MY WEEK WITH MARILYN
Simon Curtis, 2011, UK, 96min
One of the most exciting actresses working today, Michelle Williams accomplishes the near-impossible—portraying Marilyn Monroe as an actual person, not just an easily caricatured icon—in this charming bio-pic centering around the production of Laurence Olivier's film The Prince and the Showgirl. Based on two memoirs by Colin Clark (Eddie Redmayne), who worked as an assistant on Olivier’s film, My Week With Marilyn depicts Monroe’s numerous clashes with her imperious, classically trained director (played with great relish by Kenneth Branagh), maddened by his star’s method acting and her ever-present drama coach, Paula Strasberg (Zoë Wanamaker). Williams captures not only Monroe’s notorious fragility, both on-screen and off-, but also her magical, unclassifiable charisma. A Weinstein Company release.
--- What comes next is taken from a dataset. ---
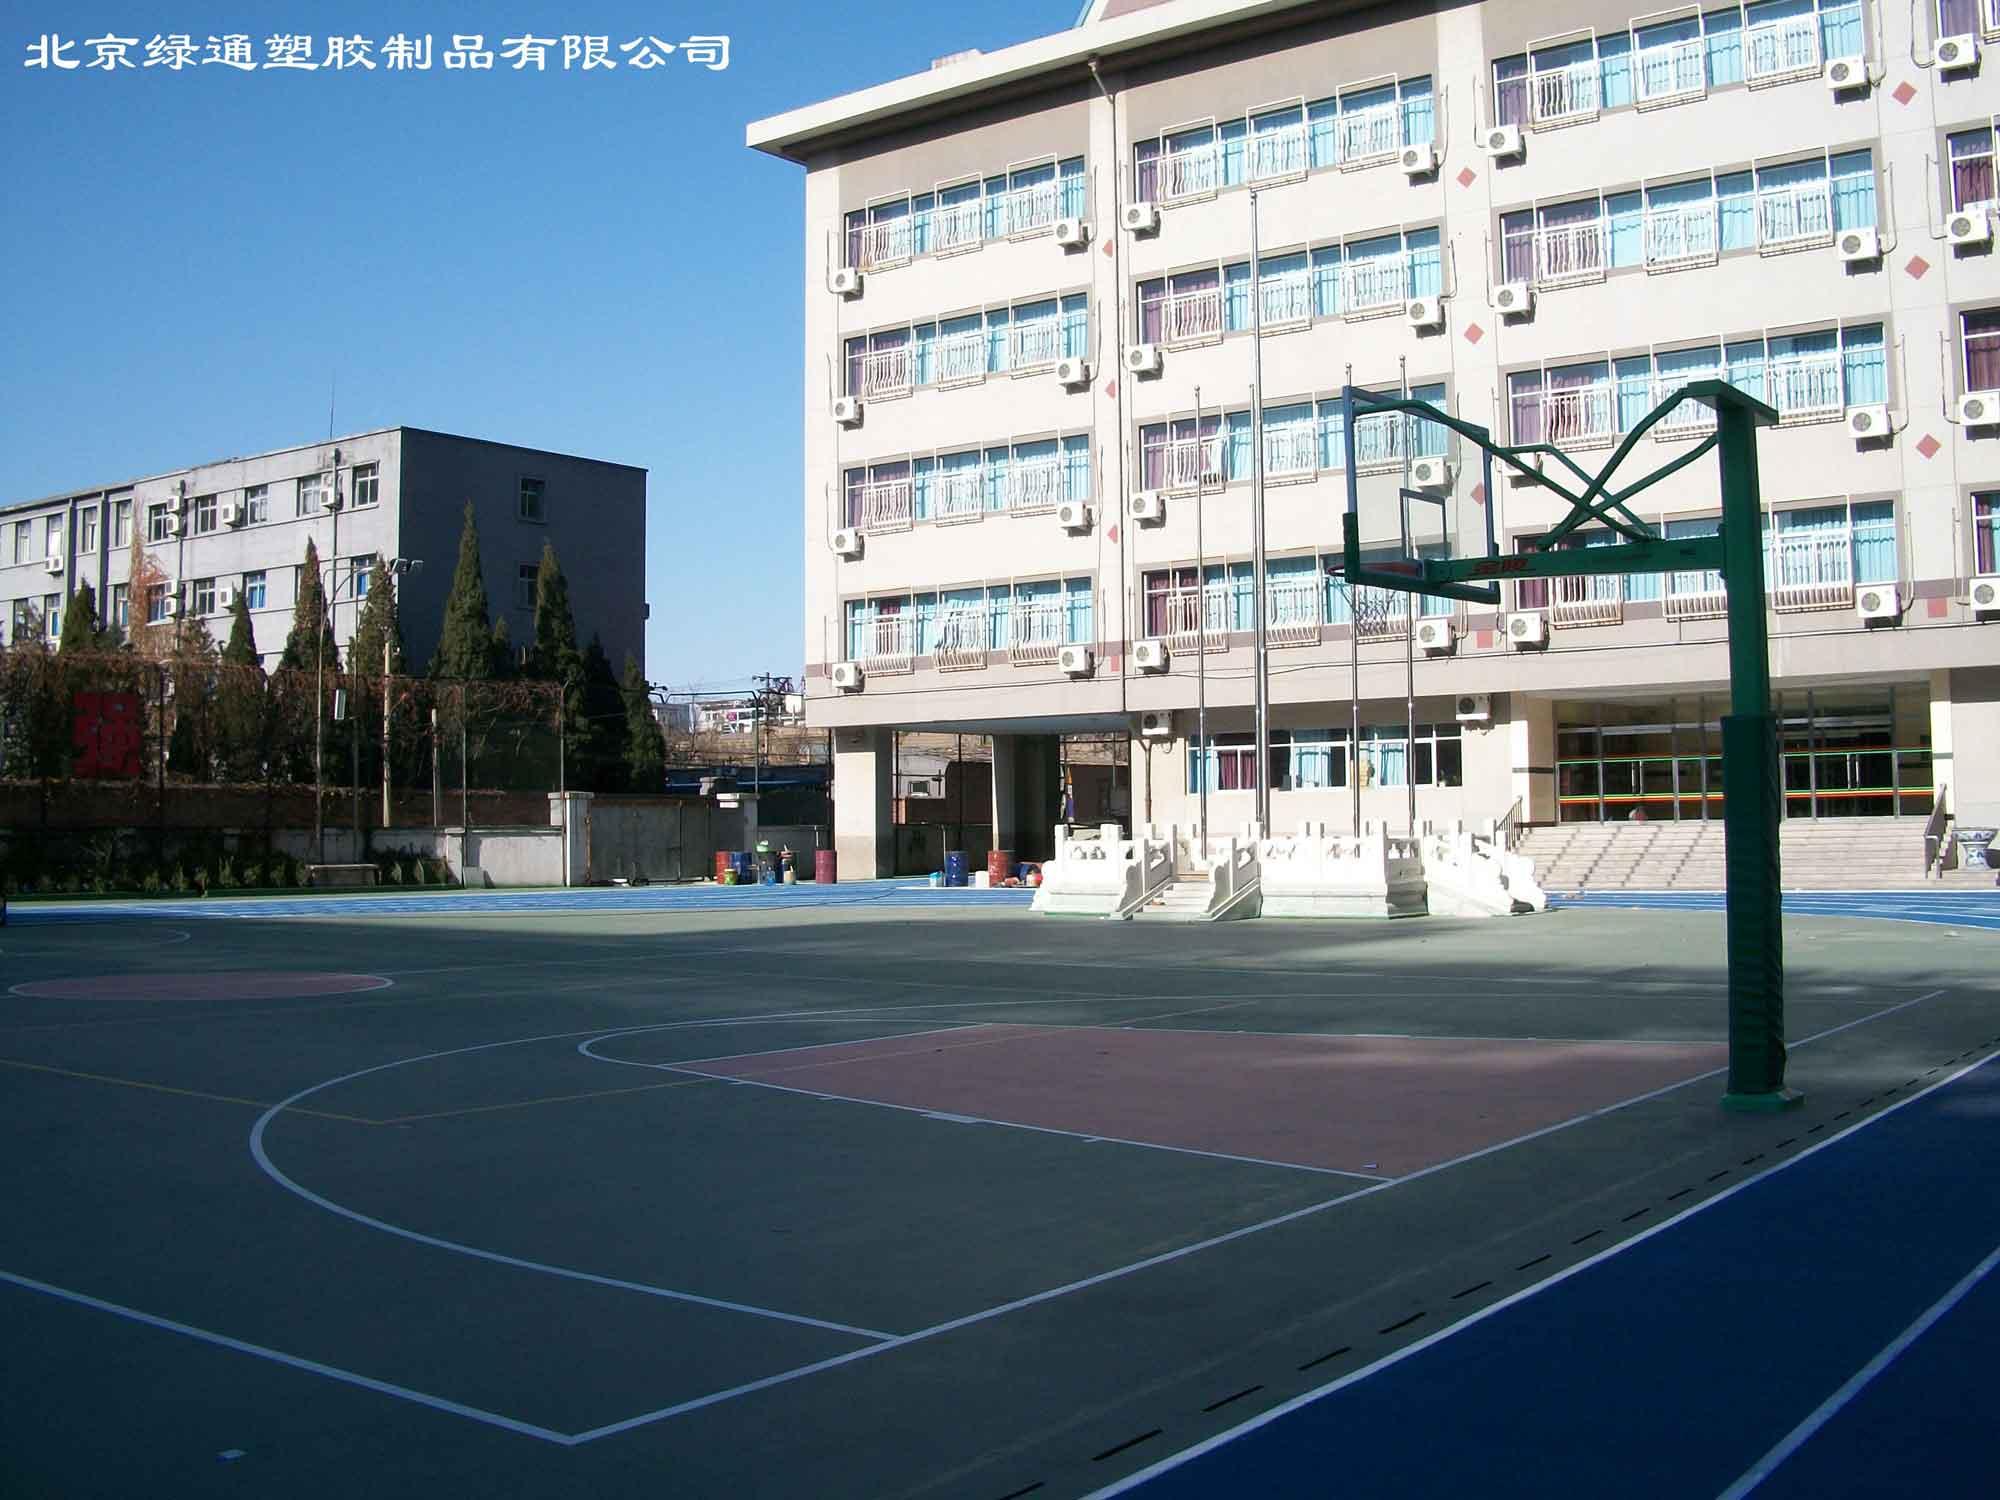 橡胶运动地板 什么地方有卖优质预制型橡胶篮球场地板
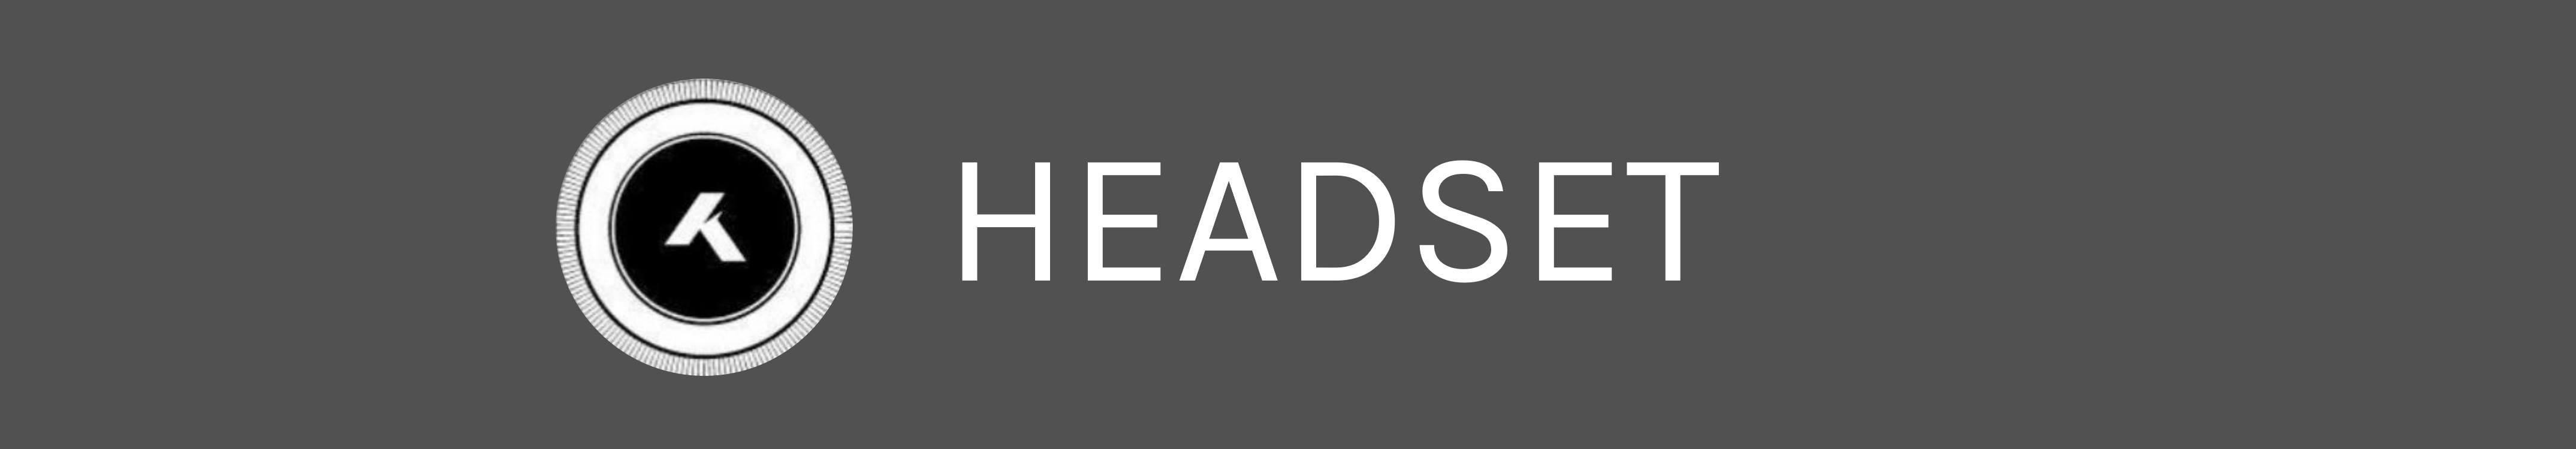 KHE-Banner-headset

WEEK WITH MARILYN will make its World Premiere as the Centerpiece Gala selection, screening at Alice Tully Hall on Sunday, October 9.
"After seeing Marilyn Monroe so often portrayed in films as a caricature, it is a pleasure to see this complex personality and unique on-screen presence portrayed so well by such a talented actress as Michelle Williams," says Richard Peña, Selection Committee Chair & Program Director, The Film Society of Lincoln Center.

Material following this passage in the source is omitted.